Tips of the pipette tips were cut before handling the GUVs to avoid GUV rupturing due to the shear stress. GUVs and GPMVs were labeled by adding the lipid analogues as well as Cell Mask and rhodamine PE to a final concentration of 10–50 ng/ml. For HDL labeling, 100 μl of vesicle suspension were incubated in 100 ng/ml of HDL (gift from Prof. Herbert Stangl) for 30 min. Labeled GUVs were placed in the wells of BSA-coated 8-well glass bottom Ibidi chambers that were filled with 250 μl of PBS.

For the cell labeling, the cells were seeded on 25-mm diameter round coverslips (number 1.5) in a 6-well-plate 2–3 days before the measurements. The fluorescent lipid analogues were first dissolved in DMSO or ethanol with a final concentration of 1 mg/ml. Before the labeling, the cells seeded on glass slides were washed twice with L15 medium to remove the full medium. Please note that serum in the media decreases the labeling efficiency, thus it is crucial to wash out all the media from the cells. Later the fluorescent analogues were mixed with L15 medium with 1:1000 ratio (final concentration of 1 μg/ml). The cells were incubated with this suspension for 5–10 min at room temperature. After that, the cells were washed with L15 twice followed by imaging in the same medium. Then, confocal microscopy was performed as described below. Labeling cells with fluorescent analogues should be optimized for every cell line by changing the concentration, labeling time, and labeling temperature. For nucleus labeling, NucBlue live nucleus staining was done. One drop of NucBlue was added in 1 ml of medium and the cells were incubated in this solution for 15 min.

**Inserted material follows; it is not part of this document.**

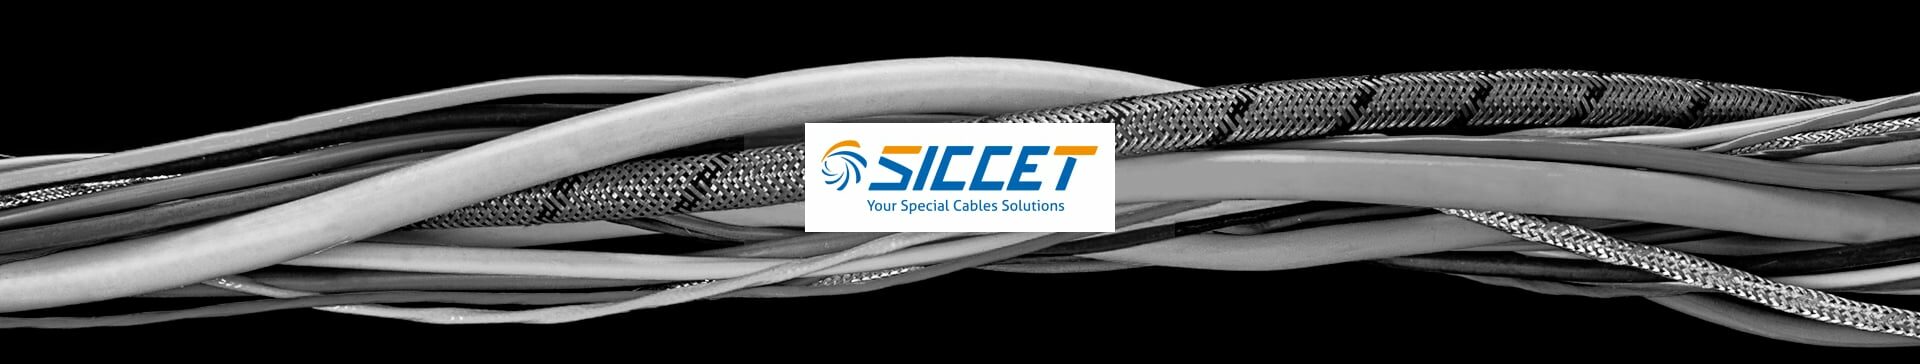 Logo Siccet kamet trading.com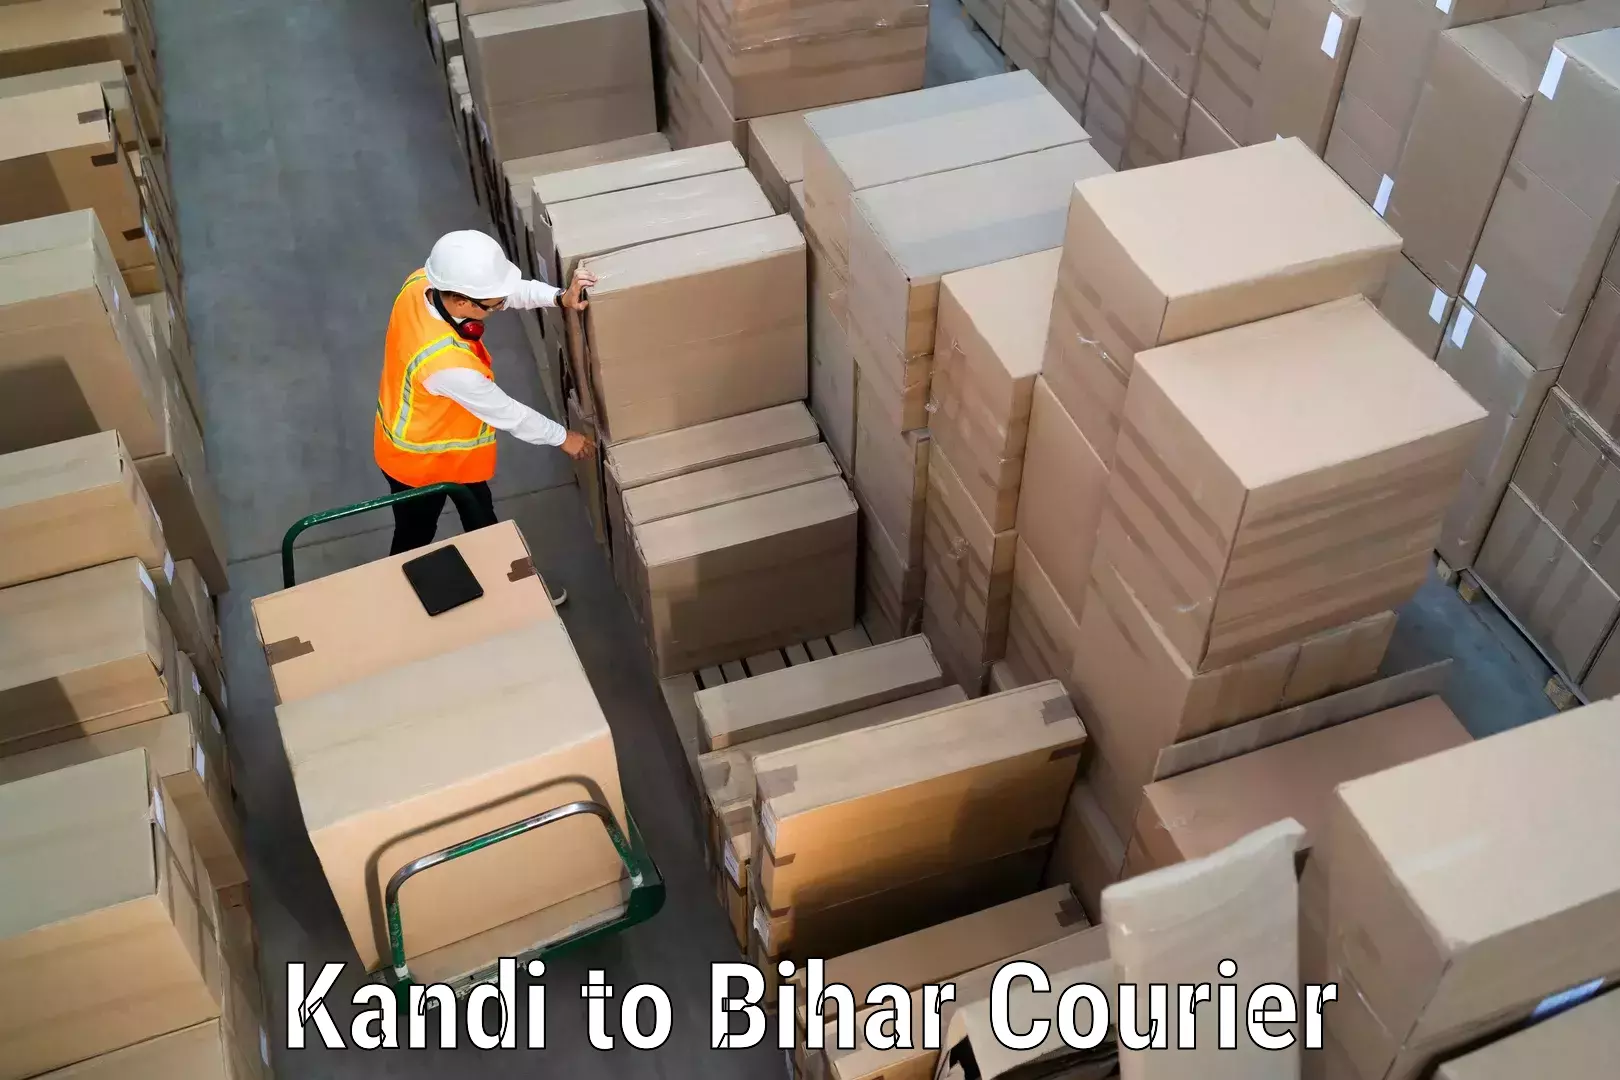 Remote area delivery in Kandi to Biraul

Zebrafish embryos (24 hpf) were incubated in E3 buffer (4.5 mm NaCl, 0.18 mm KCl, 0.33 mm CaCl2·2H2O, 0.4 mm MgCl2·6H2O in water) for 24 h and dechorionated manually using forceps. Later, they were mixed with lipid analogues (final concentration of 0.5 μg/ml) for 1 h at 28 °C followed by another 1 h of a gentle nutation at room temperature. The embryos were transferred to a 10-cm Petri dish filled with fresh E3 solution for washing. Later, the embryos were washed twice with E3 medium and transferred to the Ibidi chambers filled with 250 μl of E3 buffer for imaging.

Confocal microscopy

GUVs were imaged in PBS, GPMVs were imaged in GPMV buffer, cells were imaged in L15 medium, and embryos were imaged in E3 buffer. All imaging was done at room temperature (21–23 °C) to avoid analogue internalization (see Fig. S4 for expected internalization). All imaging was done on glass slides with thickness of 0.17 mm. Samples were imaged with a Zeiss LSM 780 (or 880) confocal microscope in BSA-coated (1 mg/ml for 1 h) 8-well Ibidi glass chambers (number 1.5). TF-labeled analogues were excited with 488 nm and emission was collected between 505 and 550 nm. Abberior Star Red-labeled analogues as well as Cell Mask Deep Red were excited with 633 nm and emission collected with 650–700 nm. NucBlue was excited with 405 nm and emission was collected at 420–470 nm. Multi-track mode was used to avoid cross-talk.

FCS

FCS on the GUVs and GPMVs were carried out using Zeiss LSM 780 (or 880) microscope, 40× water immersion objective (numerical aperture 1.2) as described before (48). Briefly, before the measurement, the shape and size of the focal spot was calibrated using Alexa 488 and Alexa 647 dyes in water in an 8-well glass bottom (number 1.5) chamber. This optical setup yielded full-width at half-maximum of 250 nm and 0.06–0.07 μm2 observation area in lateral dimension. Because the membrane diffusion is restricted to two dimensions, the size of the lateral dimensions were used to calculate the diffusion coefficients.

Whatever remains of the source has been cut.